Start of SOURCE DATA

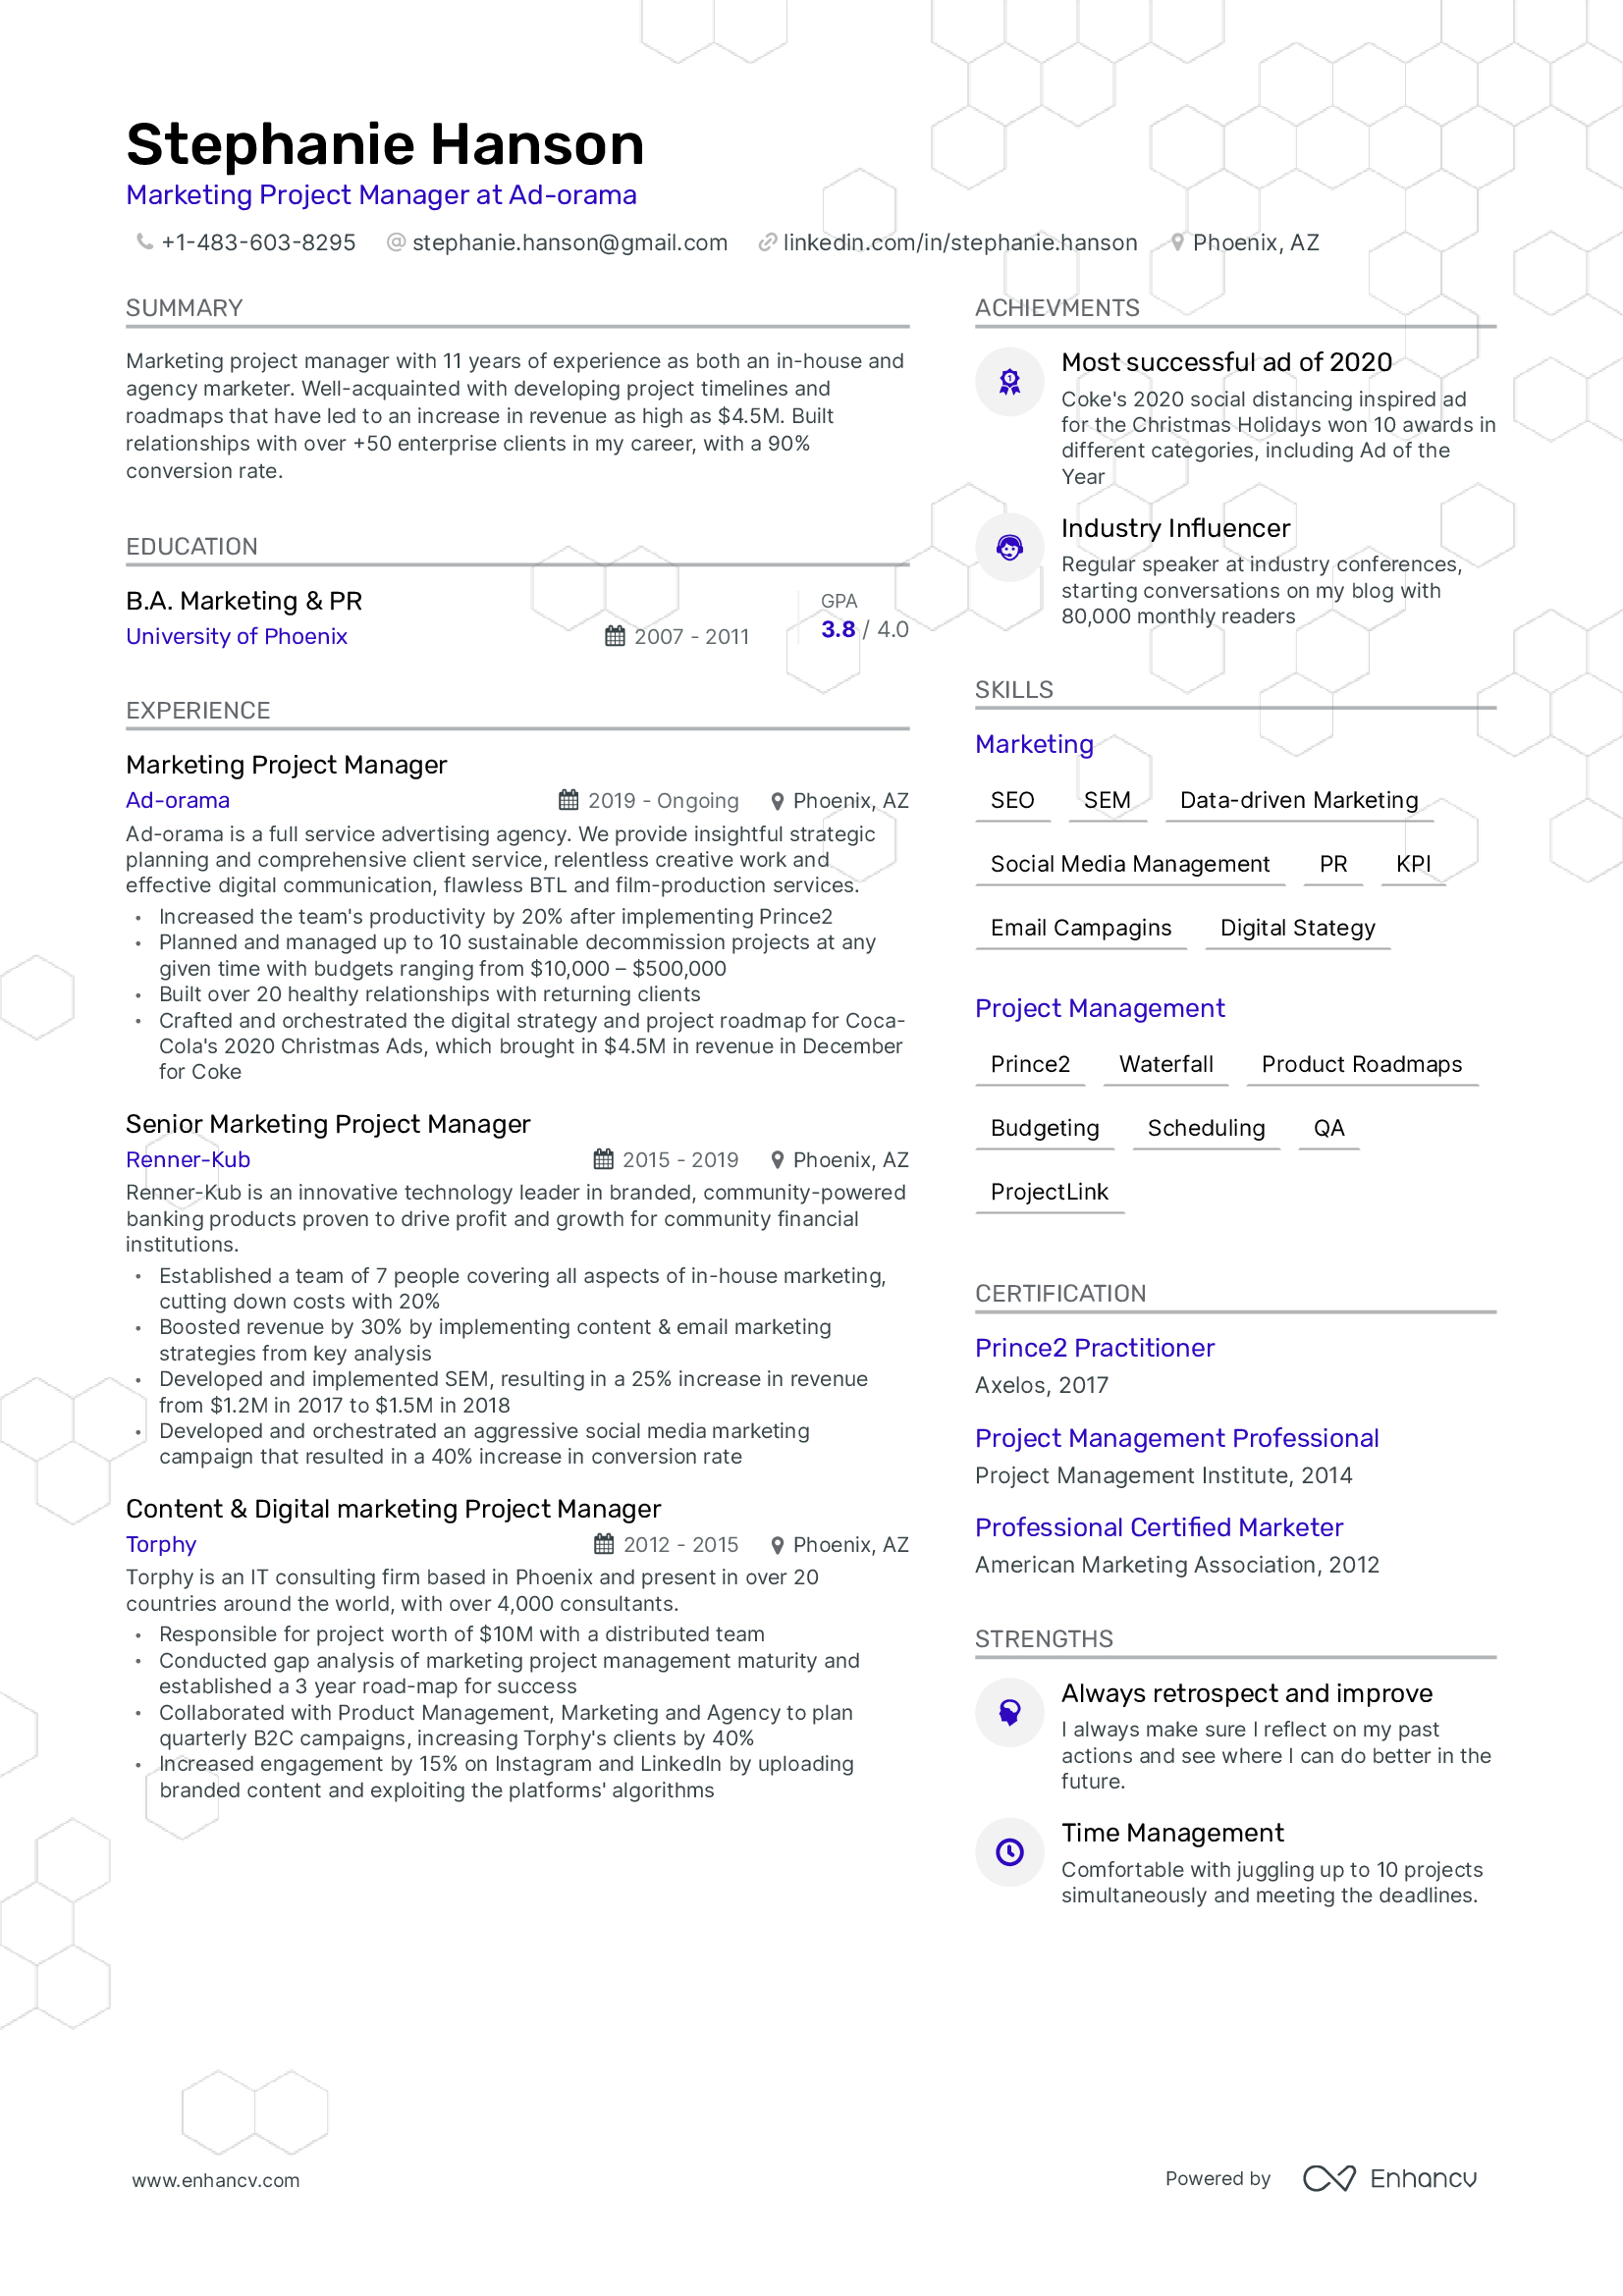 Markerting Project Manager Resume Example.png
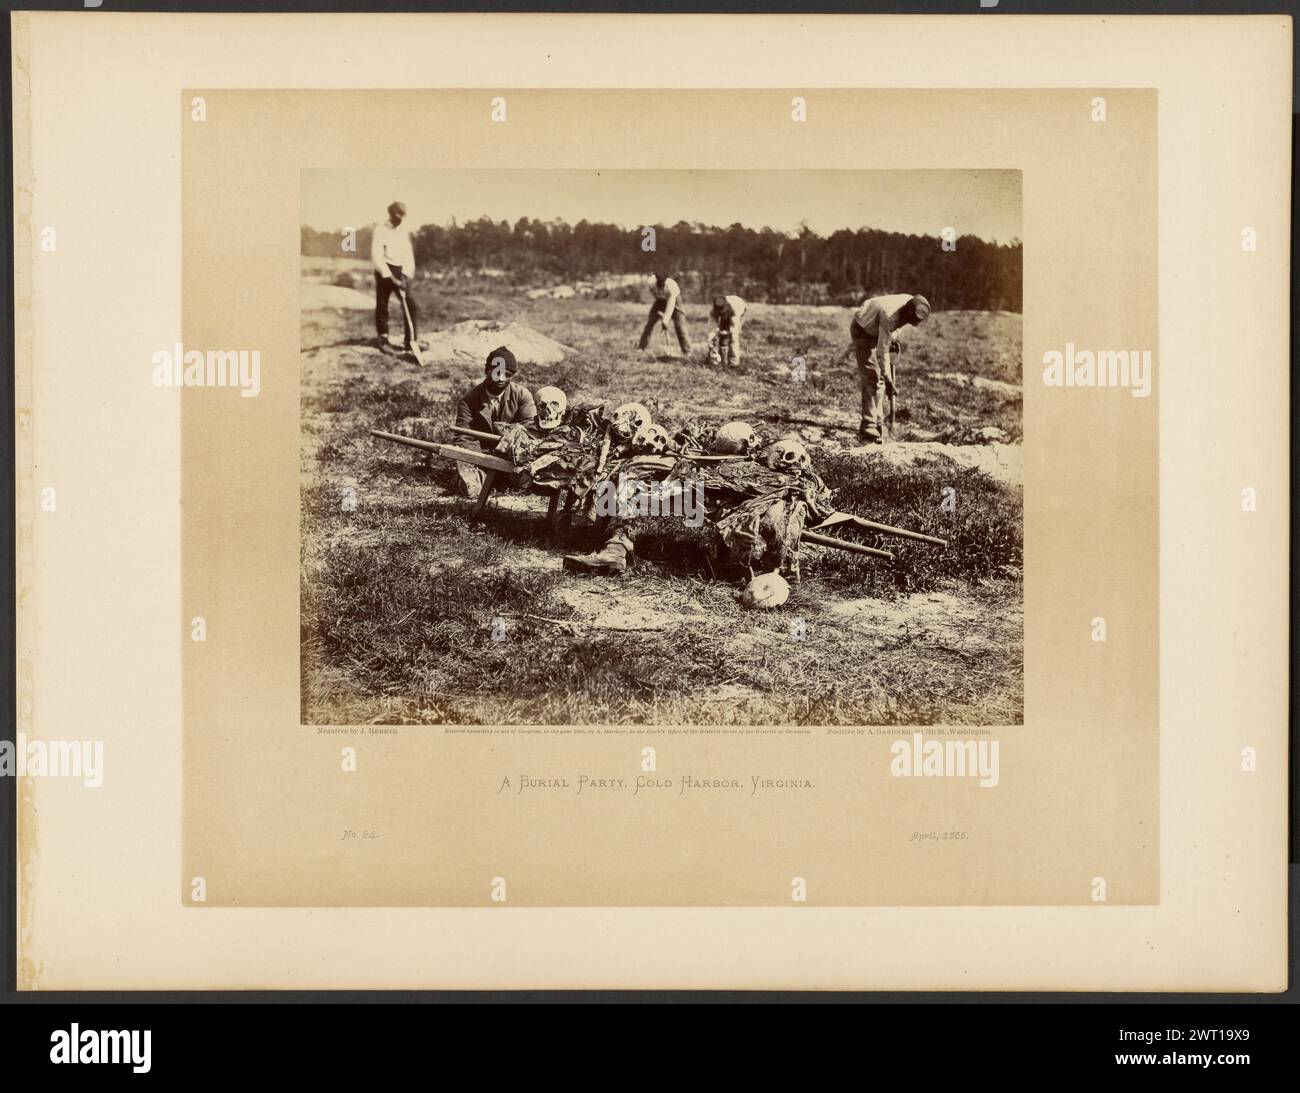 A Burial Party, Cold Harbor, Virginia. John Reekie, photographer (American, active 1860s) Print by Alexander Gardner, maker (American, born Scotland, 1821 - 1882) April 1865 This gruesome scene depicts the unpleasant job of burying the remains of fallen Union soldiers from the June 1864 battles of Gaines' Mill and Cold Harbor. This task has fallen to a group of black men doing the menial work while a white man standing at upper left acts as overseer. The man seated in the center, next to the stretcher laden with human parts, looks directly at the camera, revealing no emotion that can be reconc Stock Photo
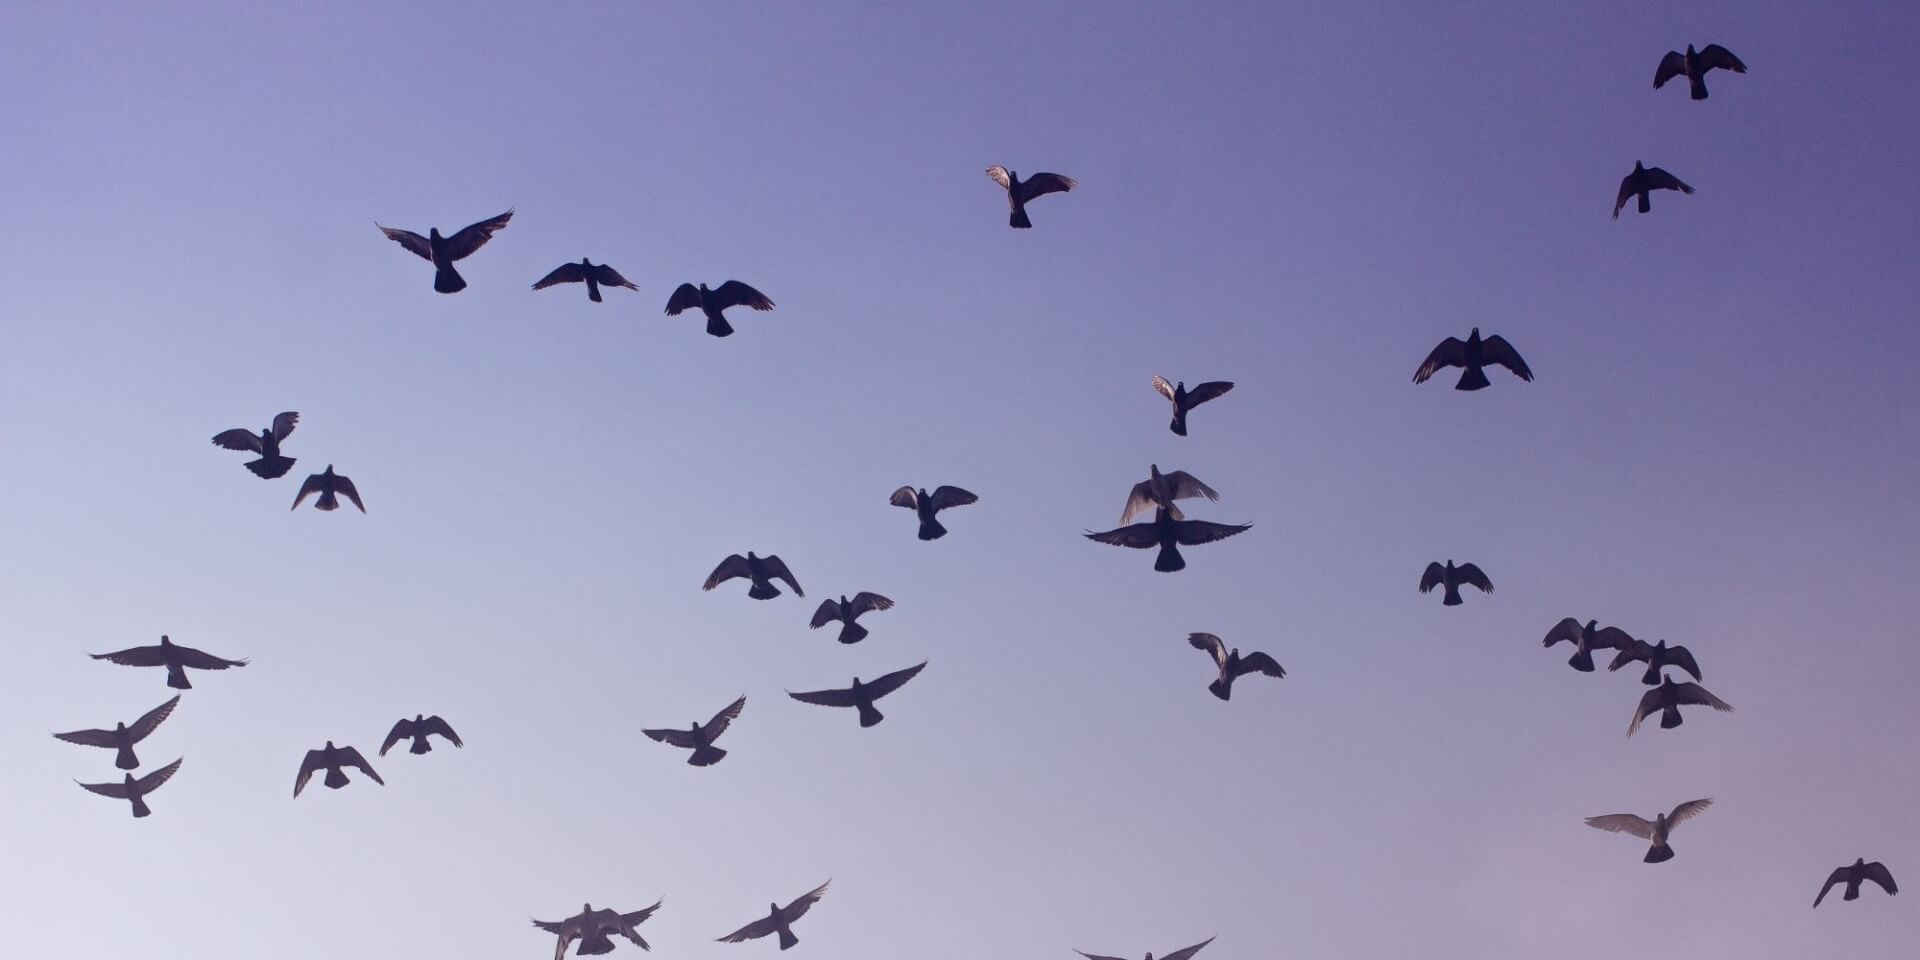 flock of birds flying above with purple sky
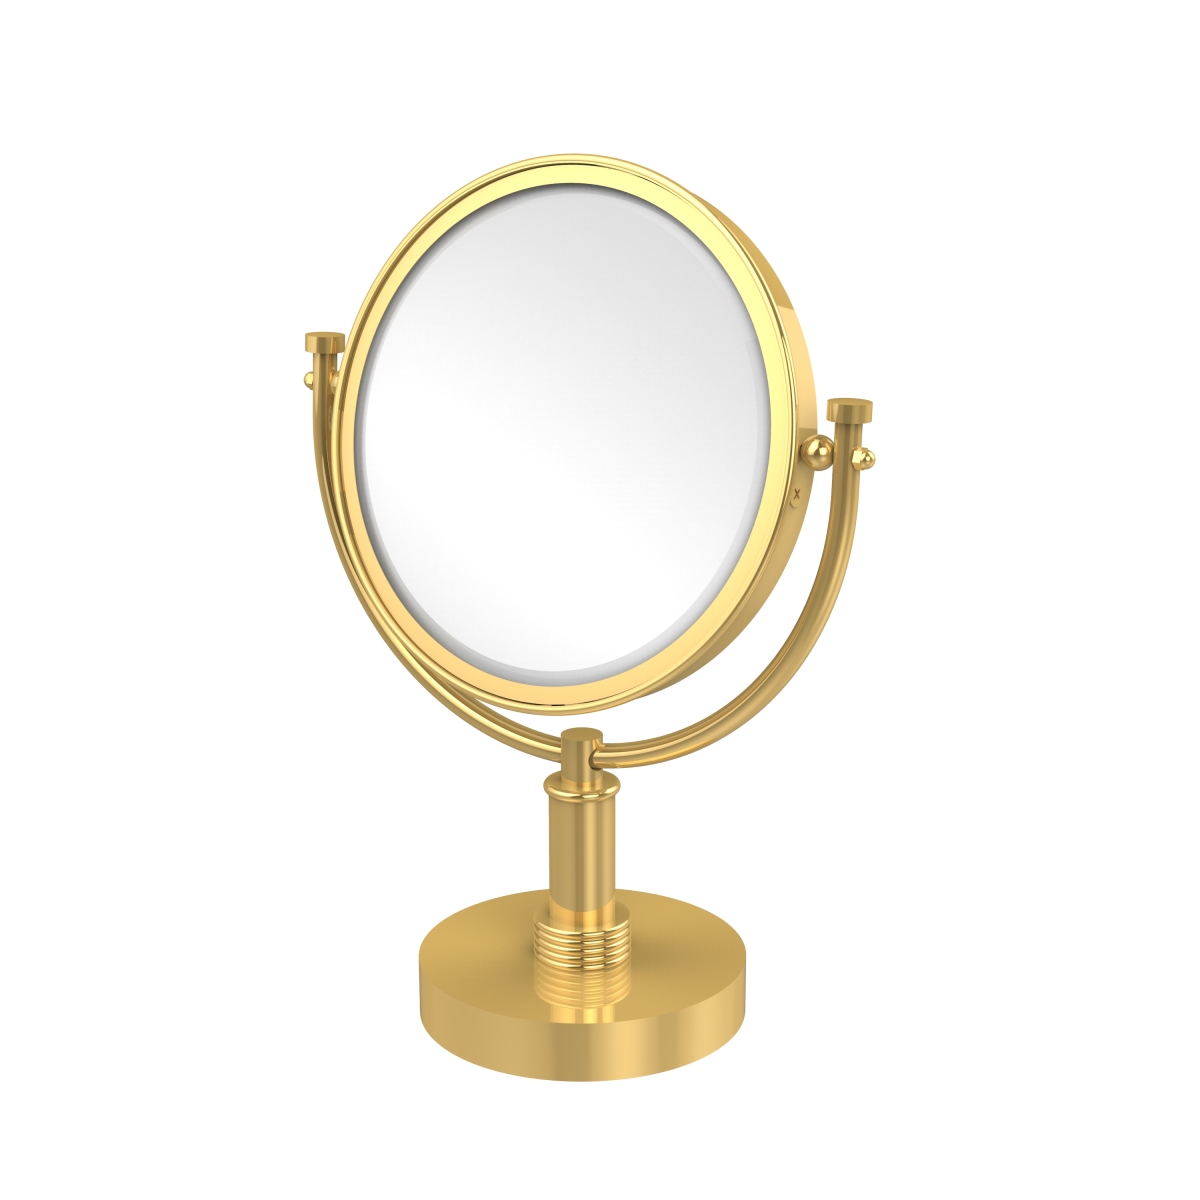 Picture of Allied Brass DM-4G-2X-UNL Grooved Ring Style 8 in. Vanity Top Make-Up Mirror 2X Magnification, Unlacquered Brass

End of SOURCE DATA

YOUR GOAL: Output each line above exactly. Skip the images.

REPLY:
 Markerting Project Manager Resume Example.png
 A Burial Party, Cold Harbor, Virginia. John Reekie, photographer (American, active 1860s) Print by Alexander Gardner, maker (American, born Scotland, 1821 - 1882) April 1865 This gruesome scene depicts the unpleasant job of burying the remains of fallen Union soldiers from the June 1864 battles of Gaines' Mill and Cold Harbor. This task has fallen to a group of black men doing the menial work while a white man standing at upper left acts as overseer. The man seated in the center, next to the stretcher laden with human parts, looks directly at the camera, revealing no emotion that can be reconc Stock Photo
 flock of birds flying above with purple sky
 Picture of Allied Brass DM-4G-2X-UNL Grooved Ring Style 8 in. Vanity Top Make-Up Mirror 2X Magnification, Unlacquered Brass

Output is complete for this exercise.